Instructions for the task:
Could you output each line below exactly as it appears, excluding any pictures?

Collected data:
:::::

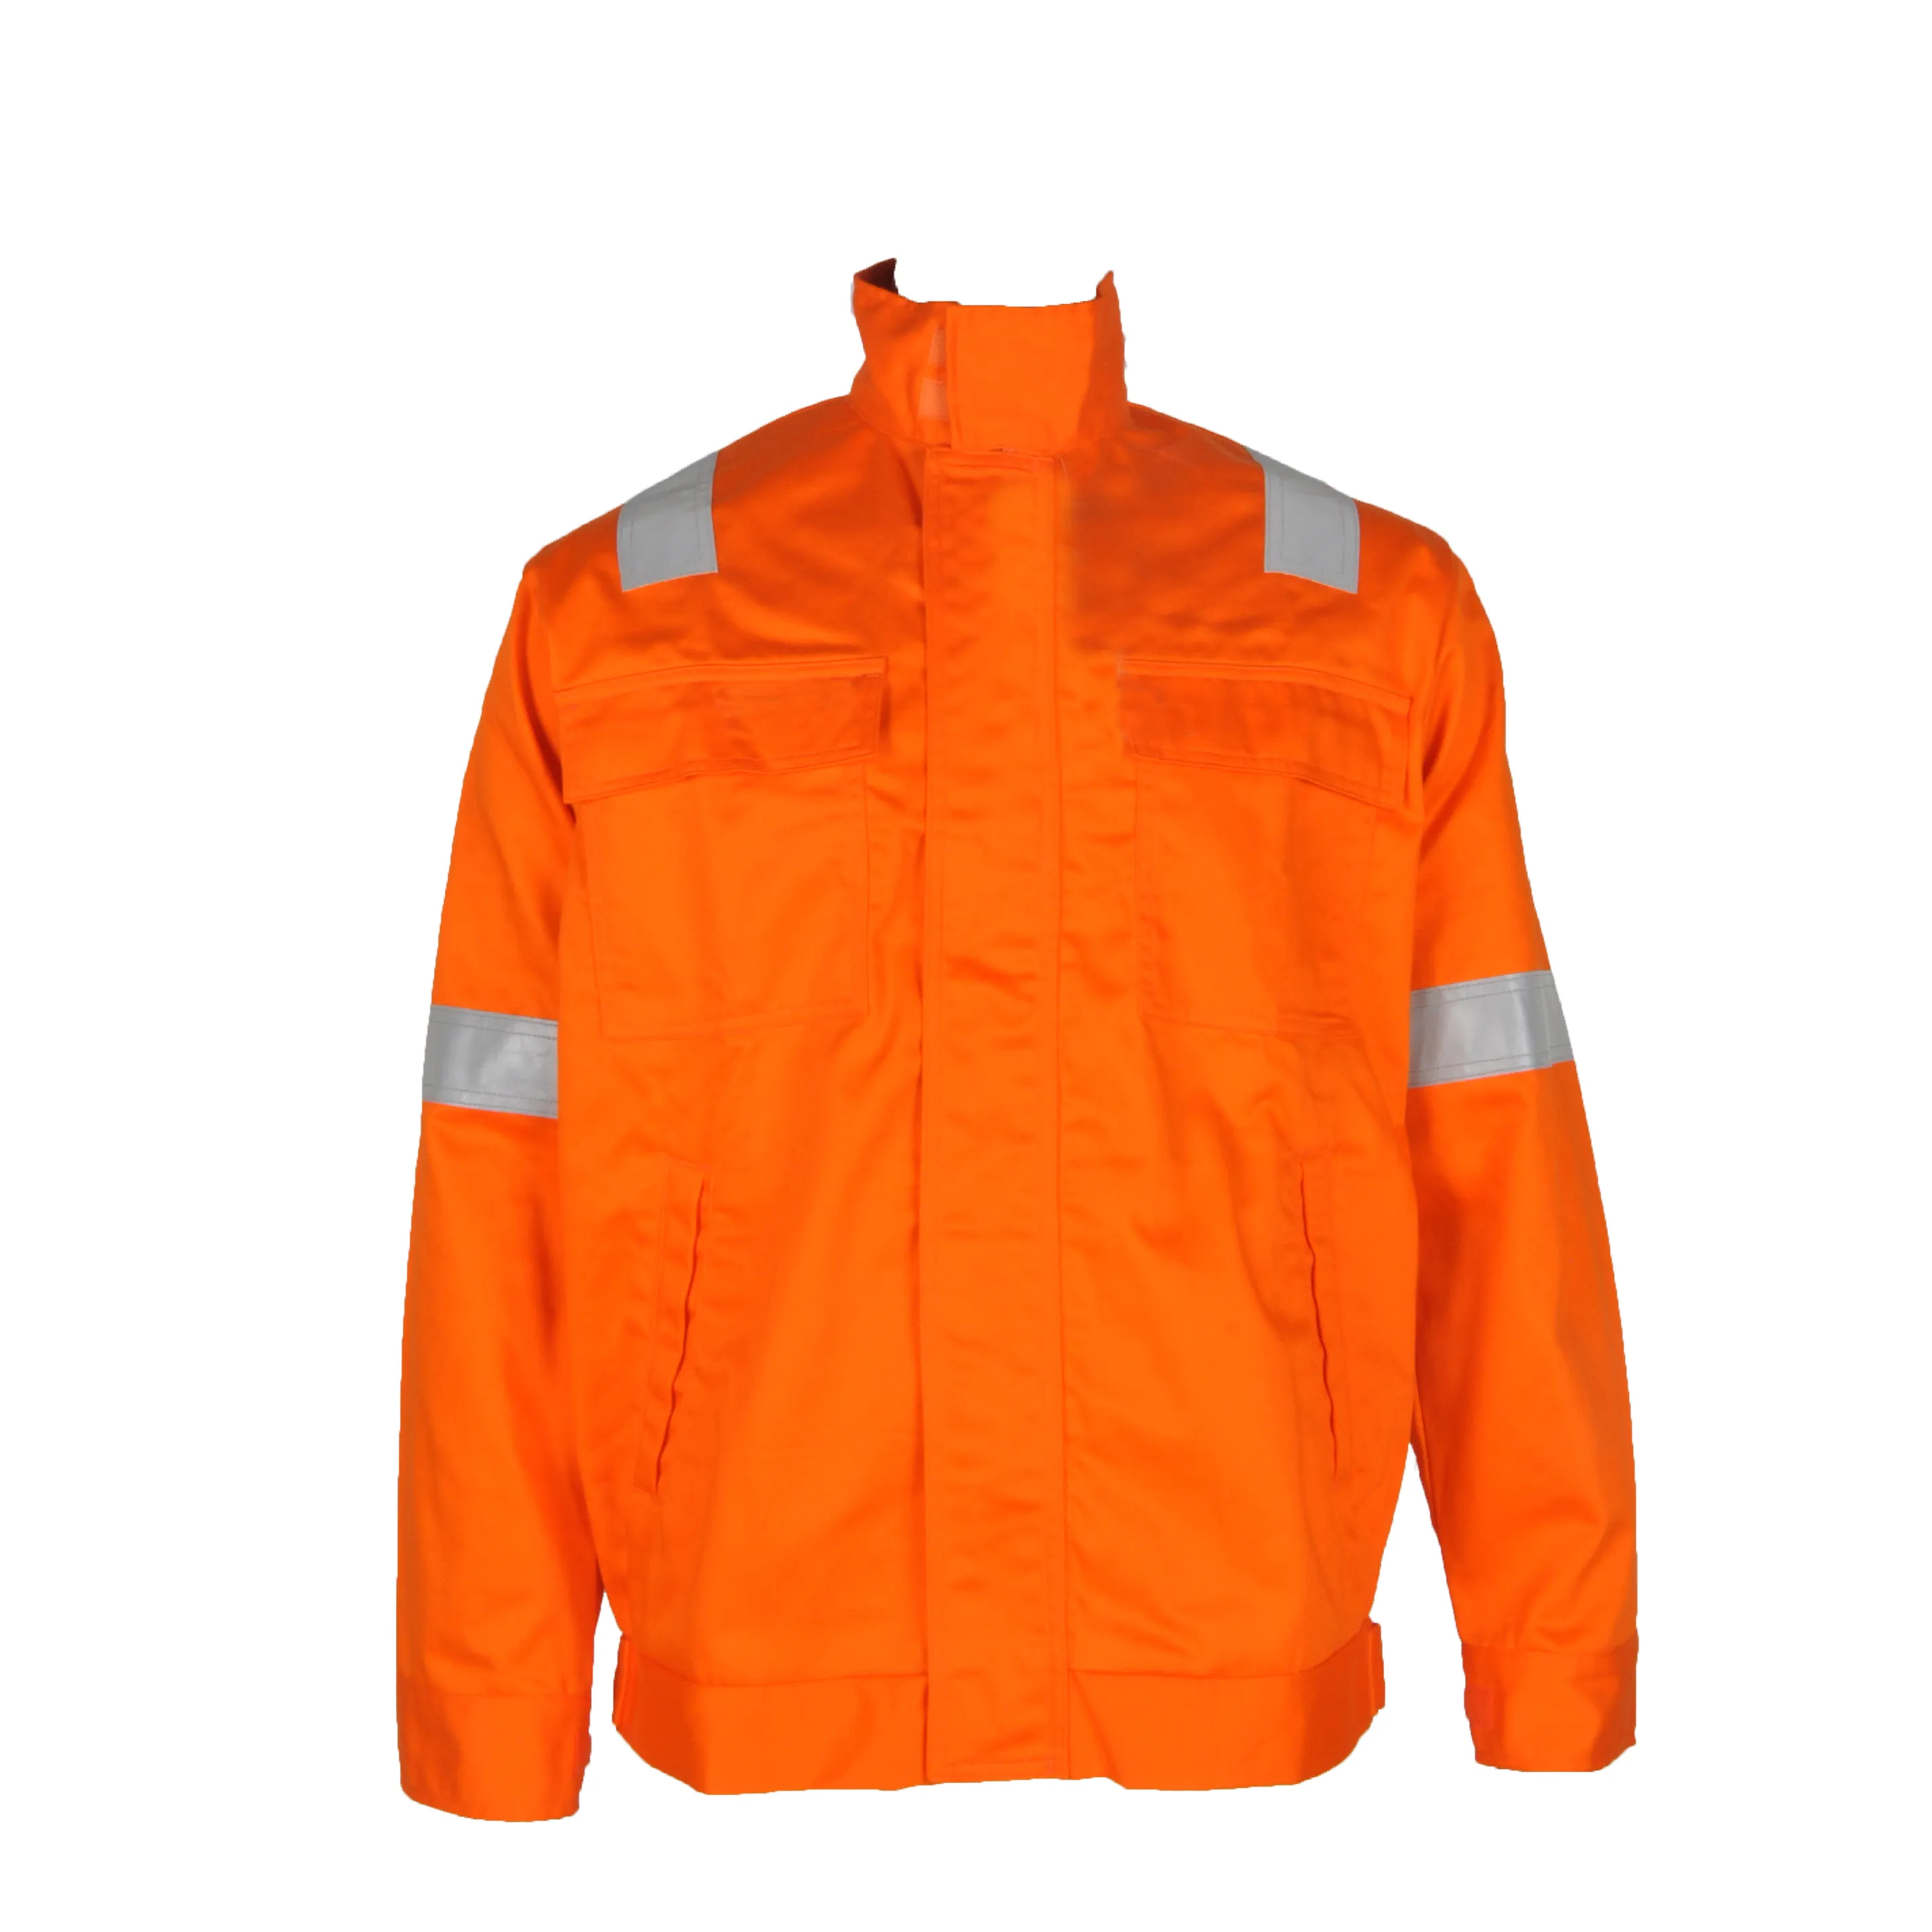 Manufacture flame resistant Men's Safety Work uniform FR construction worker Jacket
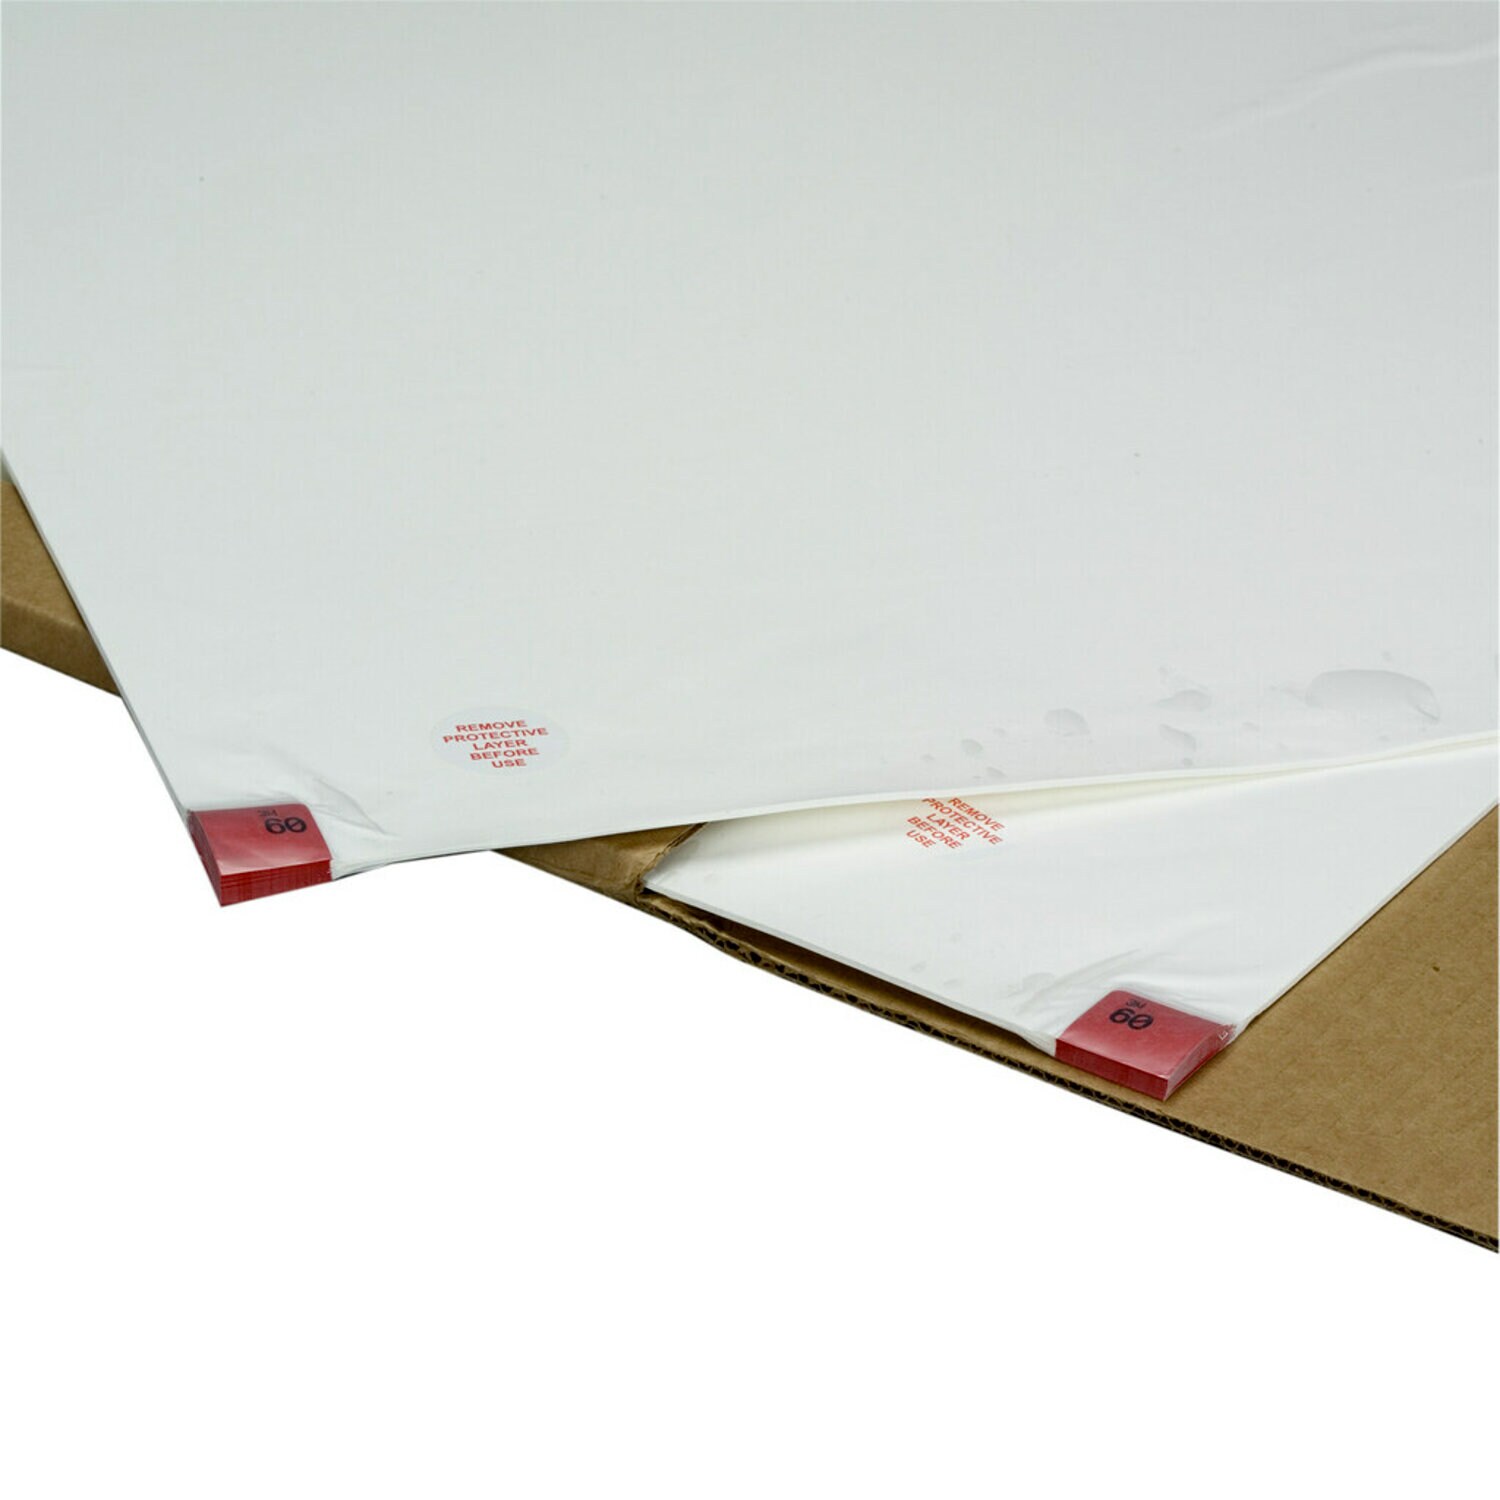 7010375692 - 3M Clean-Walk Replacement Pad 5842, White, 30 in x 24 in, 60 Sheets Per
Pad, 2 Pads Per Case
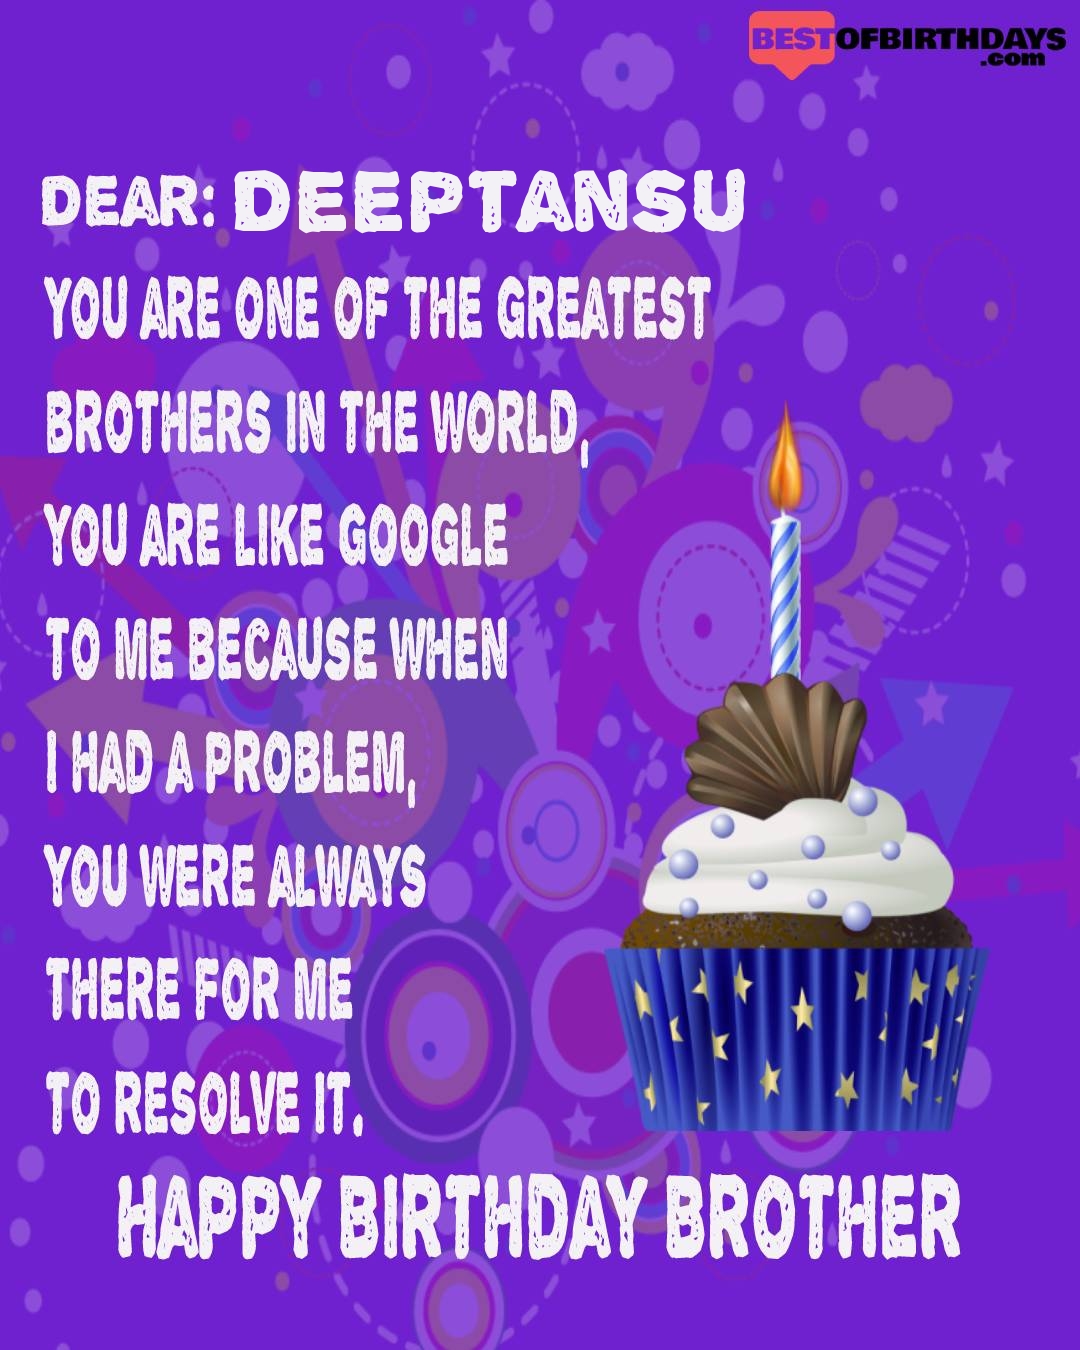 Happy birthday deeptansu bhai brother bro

:::::

Result:
 Manufacture flame resistant Men's Safety Work uniform FR construction worker Jacket
 7010375692 - 3M Clean-Walk Replacement Pad 5842, White, 30 in x 24 in, 60 Sheets Per
Pad, 2 Pads Per Case
 Happy birthday deeptansu bhai brother bro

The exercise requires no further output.